Утром больную Лиду Вайсман полицейский погнал убирать трупы отравившихся ночью доктора Вайнтрауба, его жены и дочери.
Кое-кто из тёмных людей хотел пробраться в квартиру к доктору. У жены его была каракулевая шуба, да вообще много имелось хороших вещей: серебряные ложки, хрустальные бокалы, из которых пили, когда приезжал сын — ленинградский профессор, ковры. Но немцы поставили караул, и никто ничего не получил, даже доктор Агеев, просивший «Большую медицинскую энциклопедию» и горячо объяснявший, что книги эти немцам совершенно не нужны, они ведь писаны на русском языке.
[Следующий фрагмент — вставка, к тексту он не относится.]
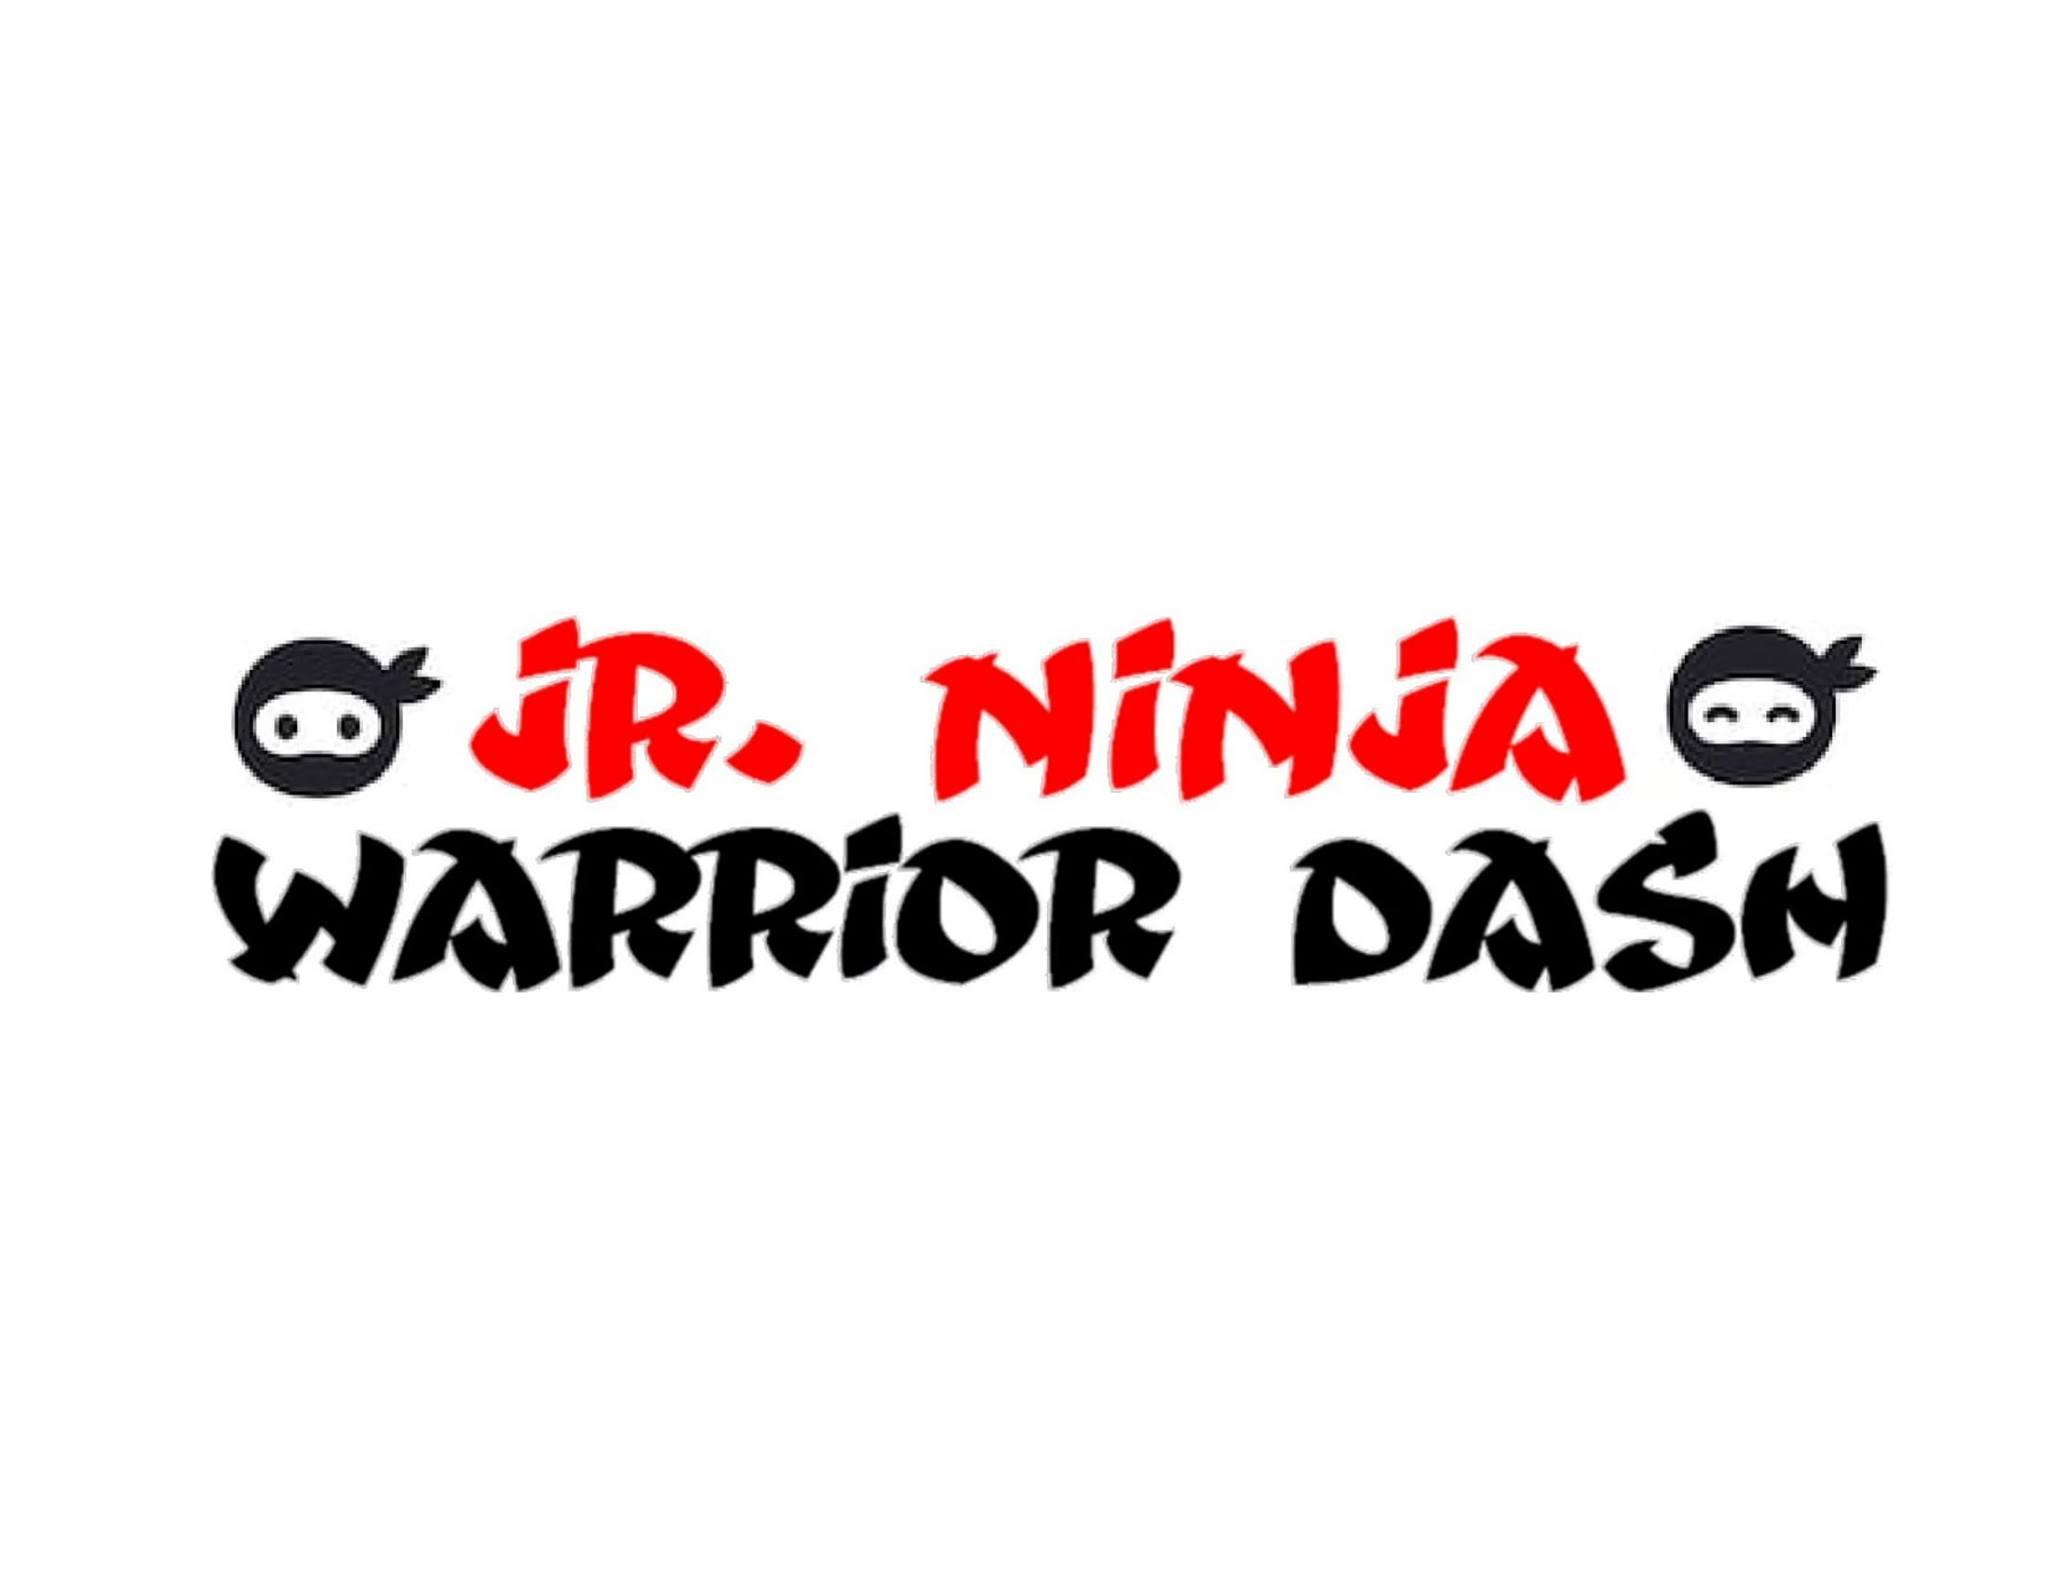 junior ninja warrior dash logo banner

Тела везли по всем улицам. Худая, скверная лошадь останавливалась на каждом углу, точно мёртвые её пассажиры каждый раз просили остановиться, чтобы посмотреть на заколоченные дома, на террасу, застеклённую синим и жёлтым стеклом в доме Любименко, на каланчу.
Пациенты смотрели на последнее путешествие доктора из окон, ворот, дверей. Никто, конечно, не плакал, не снимал шапок, не прощался с ним. В страшные эти времена кровь, страдания и смерть никого не трогали, потрясала людей лишь любовь и доброта. Доктор не был нужен городу: кому охота лечиться в такое время, когда здоровье сущая кара. Кровохарканье, паралич, тяжёлая грыжа, смертные сердечные припадки, злые опухоли спасали от изнурительных работ, от немецкой каторги. И о болезнях мечтали, вызывали их, молили о них бога. Мёртвого доктора провожали угрюмыми и молчаливыми взглядами. Лишь одна старуха Вайсман заплакала, когда телега проехала мимо дома, потому что накануне доктор, придя прощаться с учителем, принёс для маленькой Кати кило рису, кулёк какао и двенадцать кусков сахару. Он хорошо лечил людей, — доктор Вайнтрауб, но не любил лечить бесплатно. Никому никогда он не делал такого богатого подарка.